Why go in so many directions at once? Burt explains: “If you have an office in poor areas, you can't pass up the opportunity to reduce negative externalities. MFIs are uniquely placed to have a very positive impact on the lives of the borrowers, because you already have a profitable tool and financial weapons—loans and savings. These financial tools are almost a sine qua non for development.”
An MFI, he continues, “is a fighting machine, a sharp tool. With it we can revisit the issues of housing and water that too many MFIs have left behind with the minimalist approach. Providing water in Latin America without microfinance is impossible—you finance families to lay pipe and connect it to the water tank.”
“It is beautiful to give people the financial tools they need to work their way out of poverty,” he allows. “But given such tools, we can’t presume that clients know how to do it. Everything that microfinance does is necessary—including IPOs—but is not sufficient. Providing financial services in isolation is a lost opportunity to leverage other things—such as medical services, housing, clean water."
This high-touch approach to microfinance has placed FP somewhat out of step with broader trends in the industry. Burt sees the need for a course correction: “When microenterprise promotion moved to the concept of ‘microfinance’ 15 years ago, they dropped important components of the original process.
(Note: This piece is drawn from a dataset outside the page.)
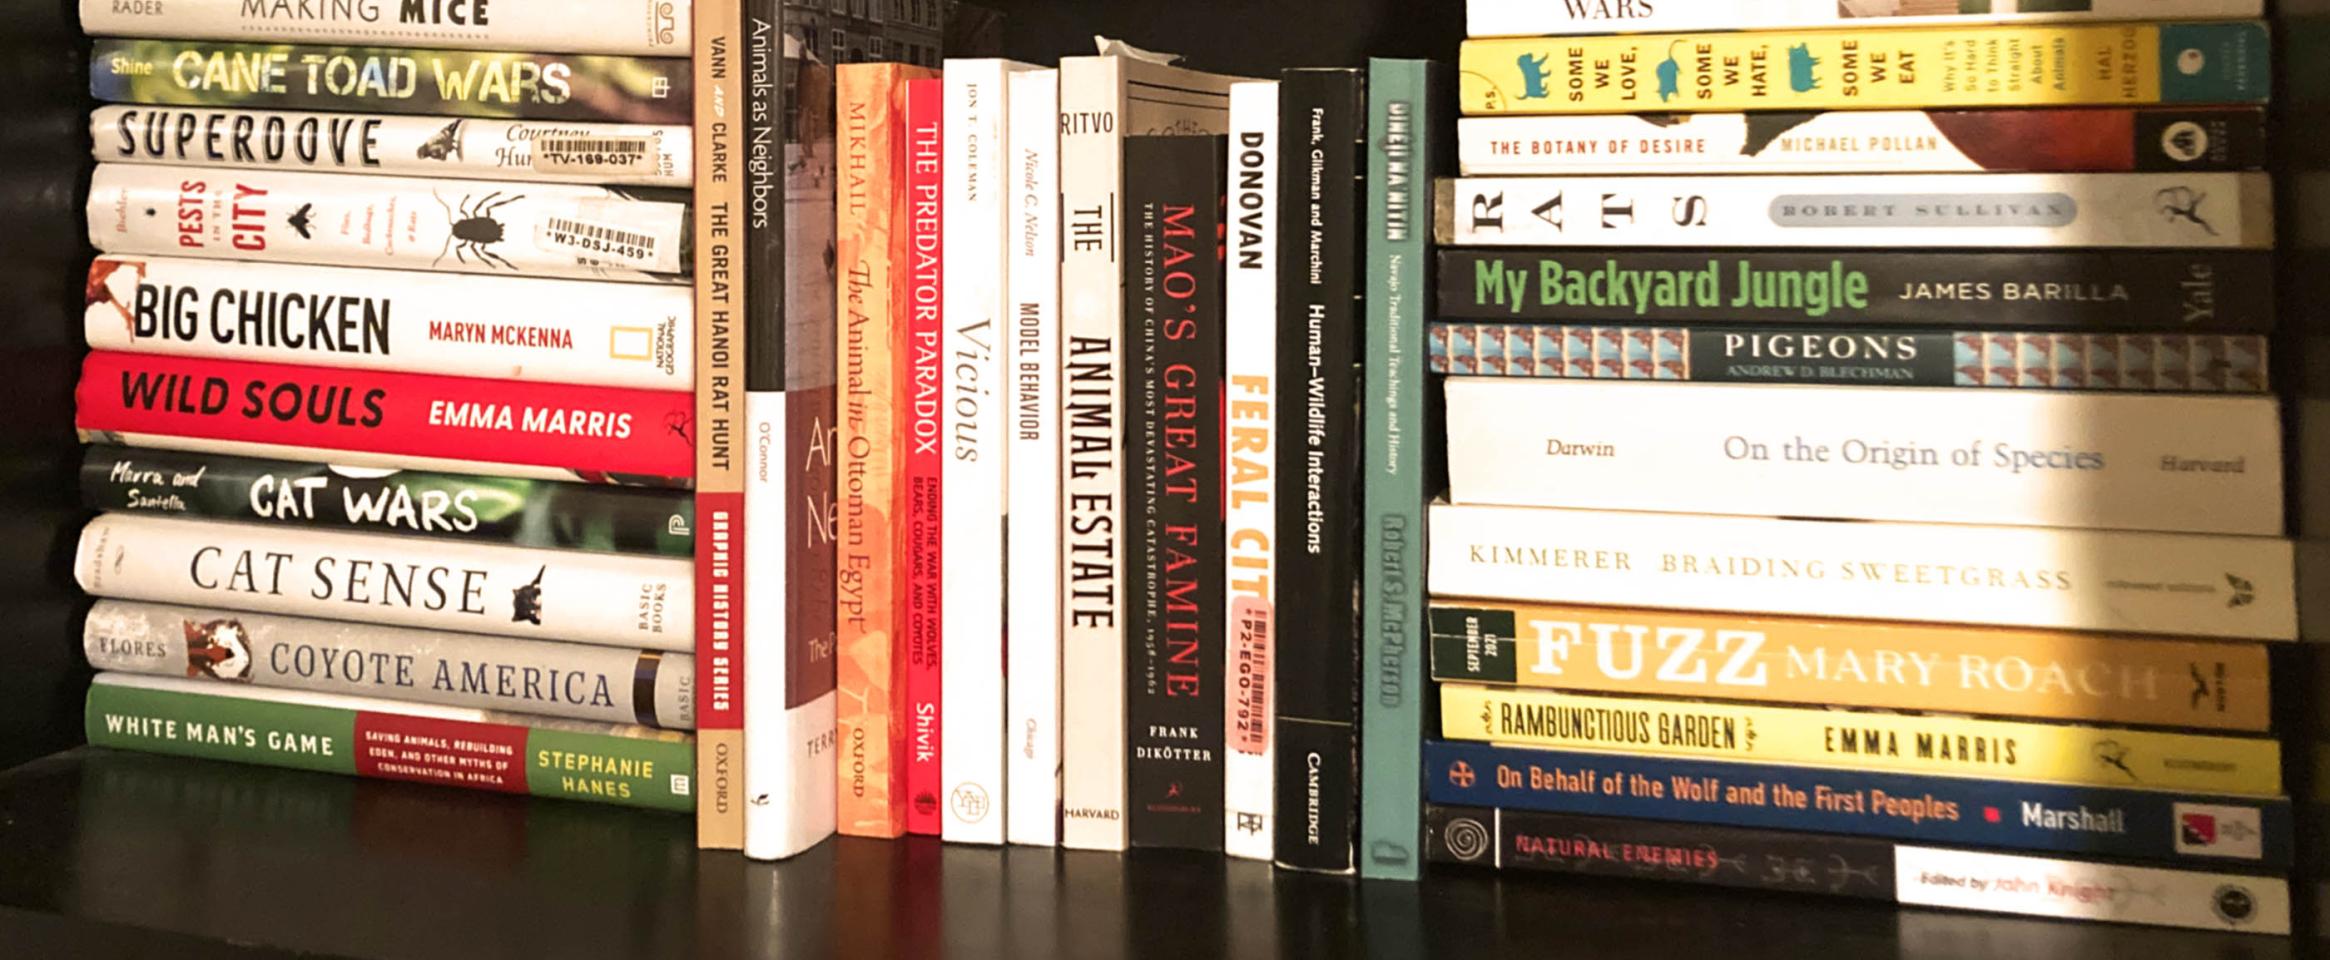 Horizontal photo of a bookshelf of Bethany Brookshire, with book titles stacked vertically and horizontally.

It was thought you could compensate for dropping microenterprise development aid by coming up with a great microfinance service system—which hasn’t happened. Trickle-down economics applied to microfinance is insufficient. There is a hard-core 20 percent of the population that is difficult to reach, even in growing economies. If you are already working in a slum, you can do more than just lend—it makes business sense.”
Widening the Vision for Microfinance Investors and Providers
“Business sense” does not mean profit maximization. Indeed, Burt regards for-profit structure as something of a shackle—at least for him. “Non-profit status allows you maneuvering space for R&D,” he says. “Since neither the board nor I want to make money, we get more thrill out of developing new programs than we do from maximizing profit in old ones.”
But what about MFIs that are answerable to investors? Can they afford to branch into high-touch social services? Burt thinks so. "Today, the world is ready and demanding that profits be plowed back into communities," he says. "A minimum of corporate social responsibility is required. Our job in Fundación Paraguaya is to show investors how they can have their cake and eat it, too. The board requires a minimum of 10 percent ROE. That is the necessary threshold for borrowing from local banks. Investors get their money, banks get their money and we try to attain a triple bottom line: economic, social, and environmental. We are discovering that these goals are completely compatible. We have high loyalty from our borrowers because they see that FP cares. We are not minimalist; we are not trying to do the least with the most profit.”
“The biggest achievement of microfinance was to show the poor can help themselves,” he asserts. “Before that, the street vendor was not considered useful to society. The discovery of microenterprise at the base of the pyramid was fantastic, it was making the invisible visible. It debunked many theses, such as that the poor can’t help themselves, can’t work under market conditions, can only do finance with soft money, long-term loans.”
As a microfinance provider, Burt believes, "You must see social problems as opportunities to do things for the poor, opportunities for microfinance. If MFIs are there just to reap benefits, if people think microfinance has become cynical, there will be a backlash. If we say we are working in the social sector, that’s a strong responsibility we cannot take lightly.”